>>>

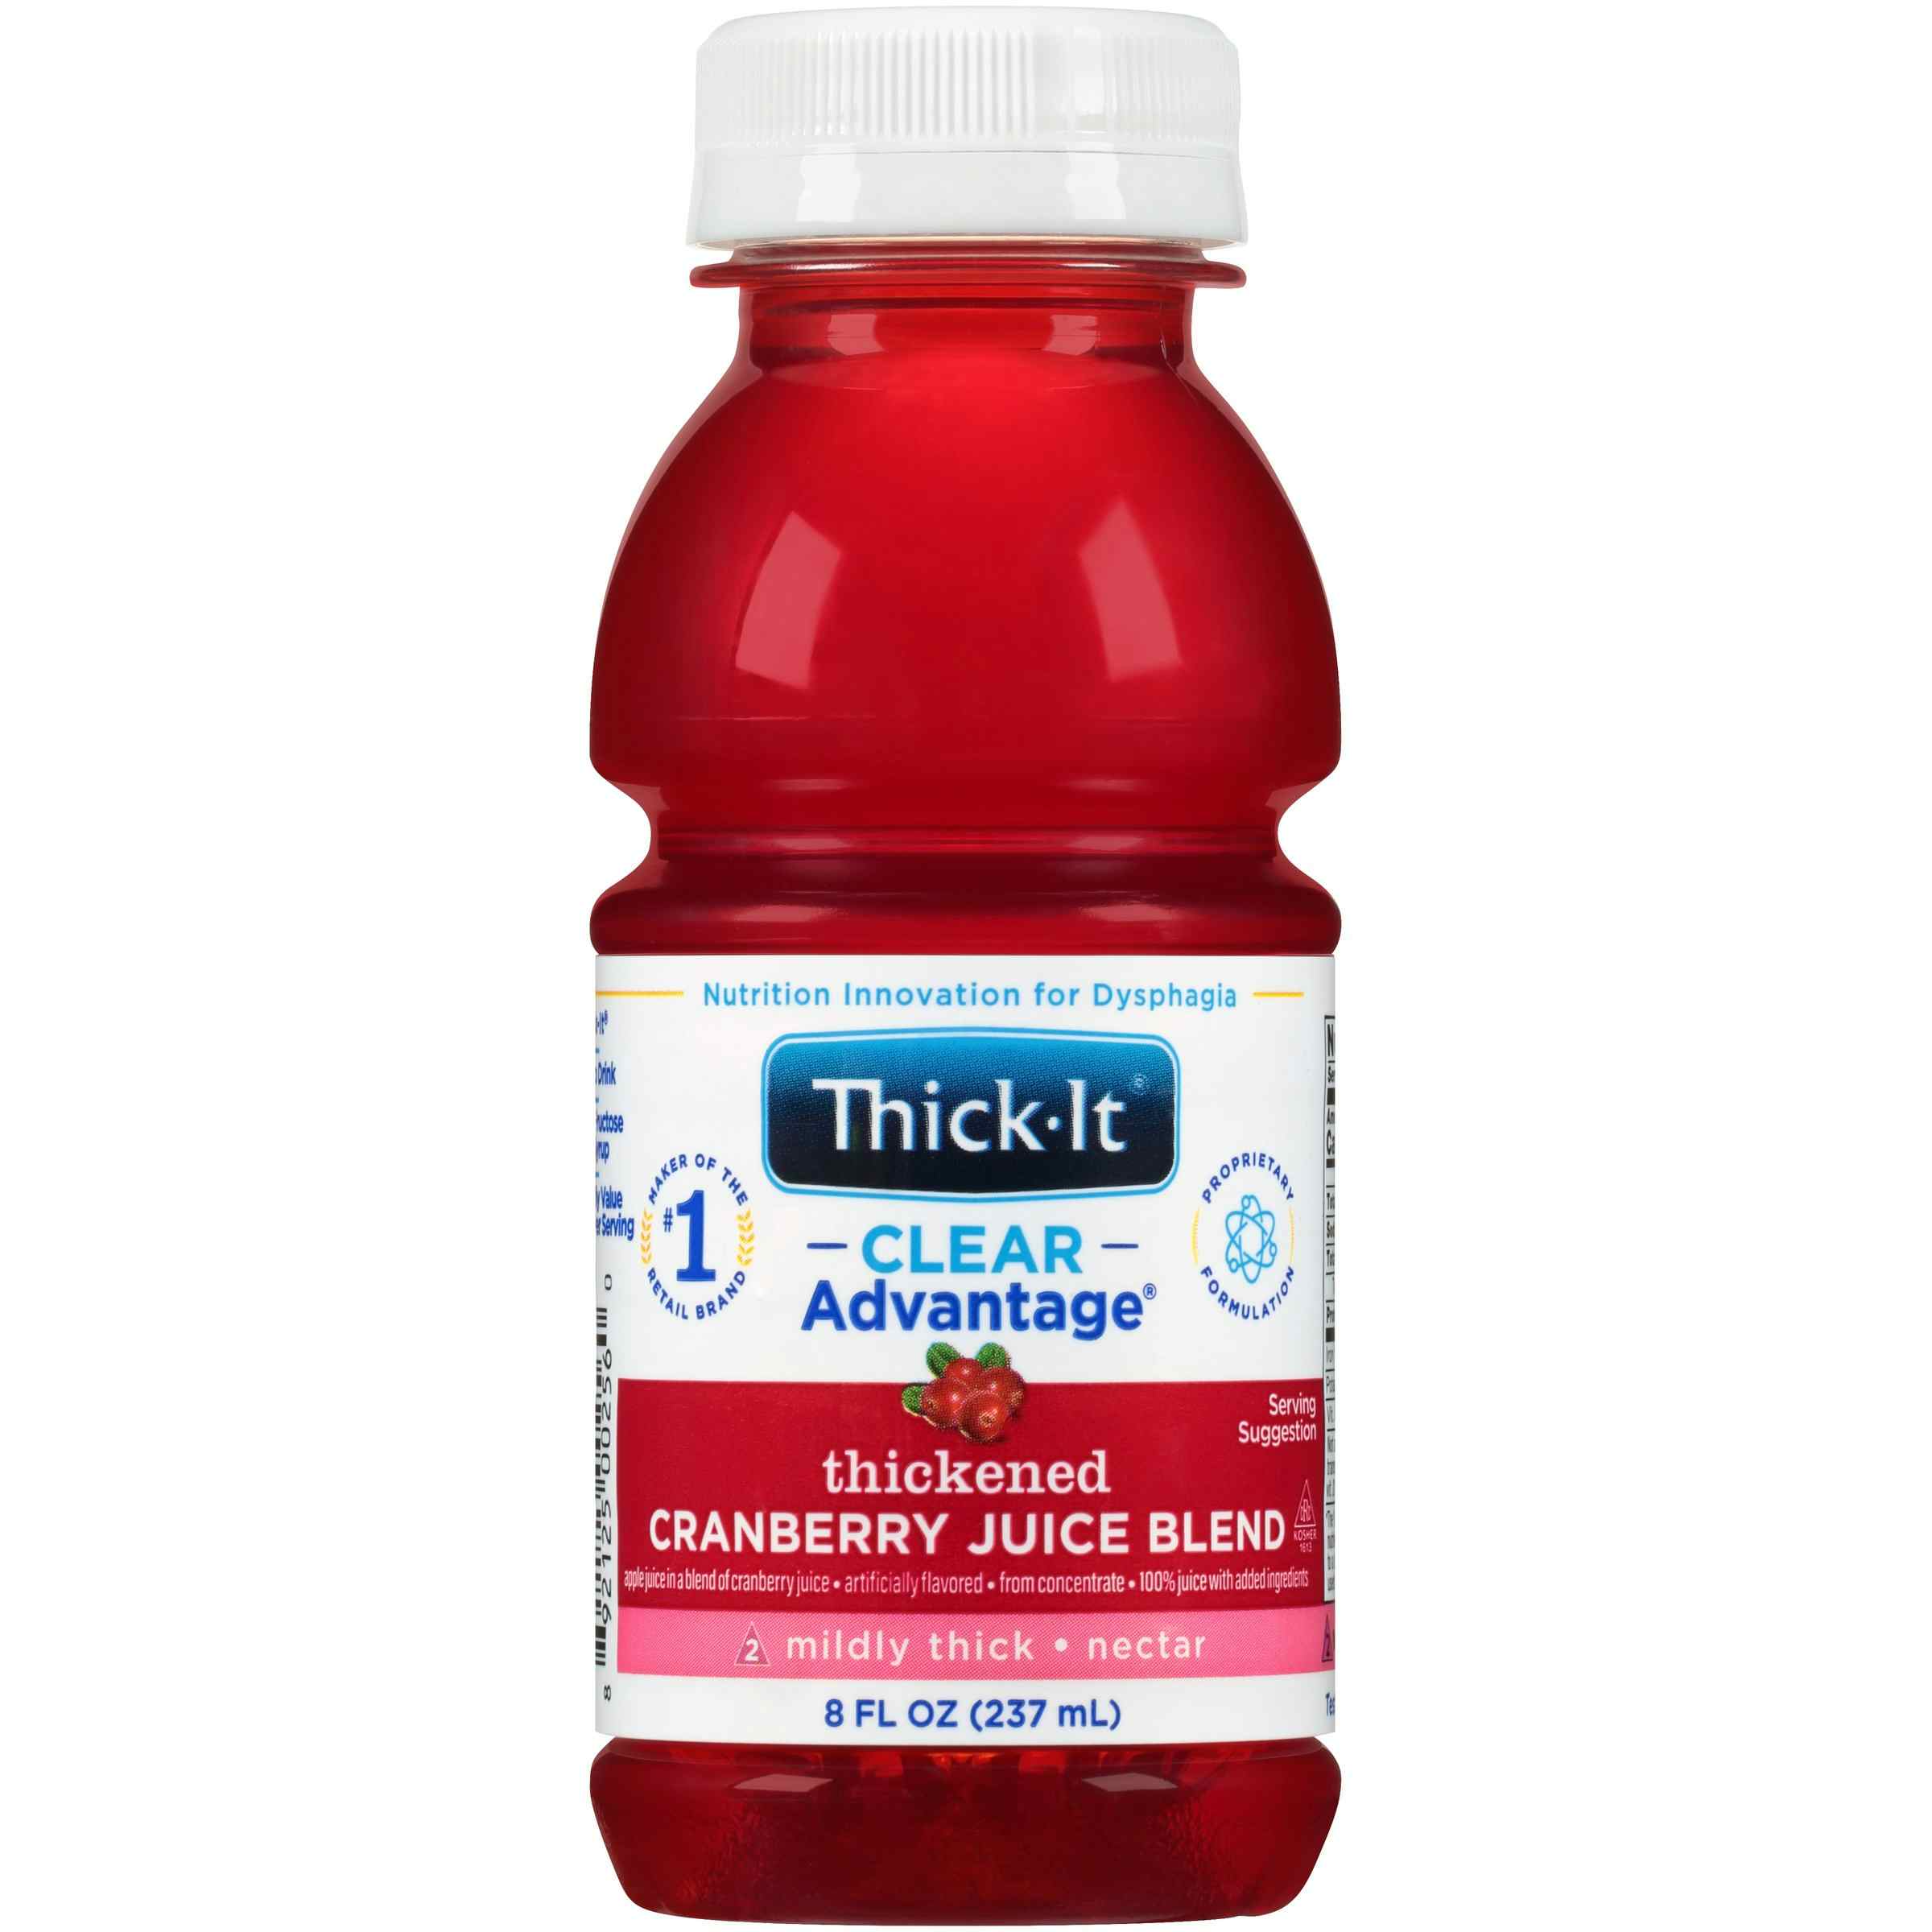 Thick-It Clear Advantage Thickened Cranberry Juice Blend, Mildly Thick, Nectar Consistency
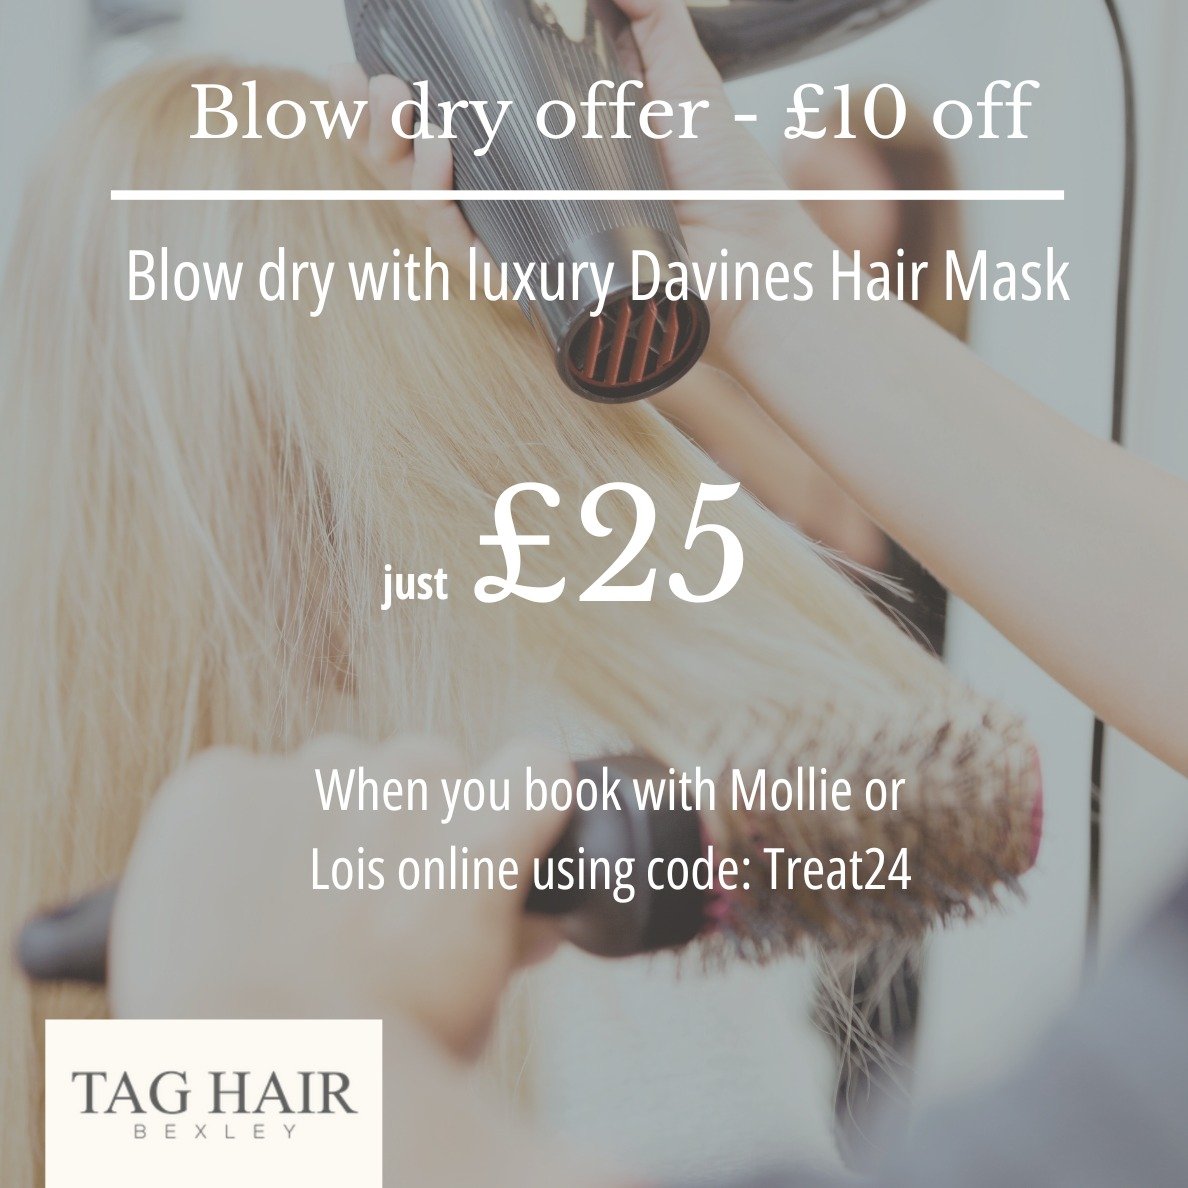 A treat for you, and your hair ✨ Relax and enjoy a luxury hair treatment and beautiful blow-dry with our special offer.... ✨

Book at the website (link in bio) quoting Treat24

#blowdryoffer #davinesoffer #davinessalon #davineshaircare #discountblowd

<<<

• _DESCRIPTION OF THE TASK_:
Would you print the line containing "Book at the" and every line after it up to the end of the listing above, exactly, and nothing else?

• _EXPECTED OUTPUT_:
Book at the website (link in bio) quoting Treat24

#blowdryoffer #davinesoffer #davinessalon #davineshaircare #discountblowd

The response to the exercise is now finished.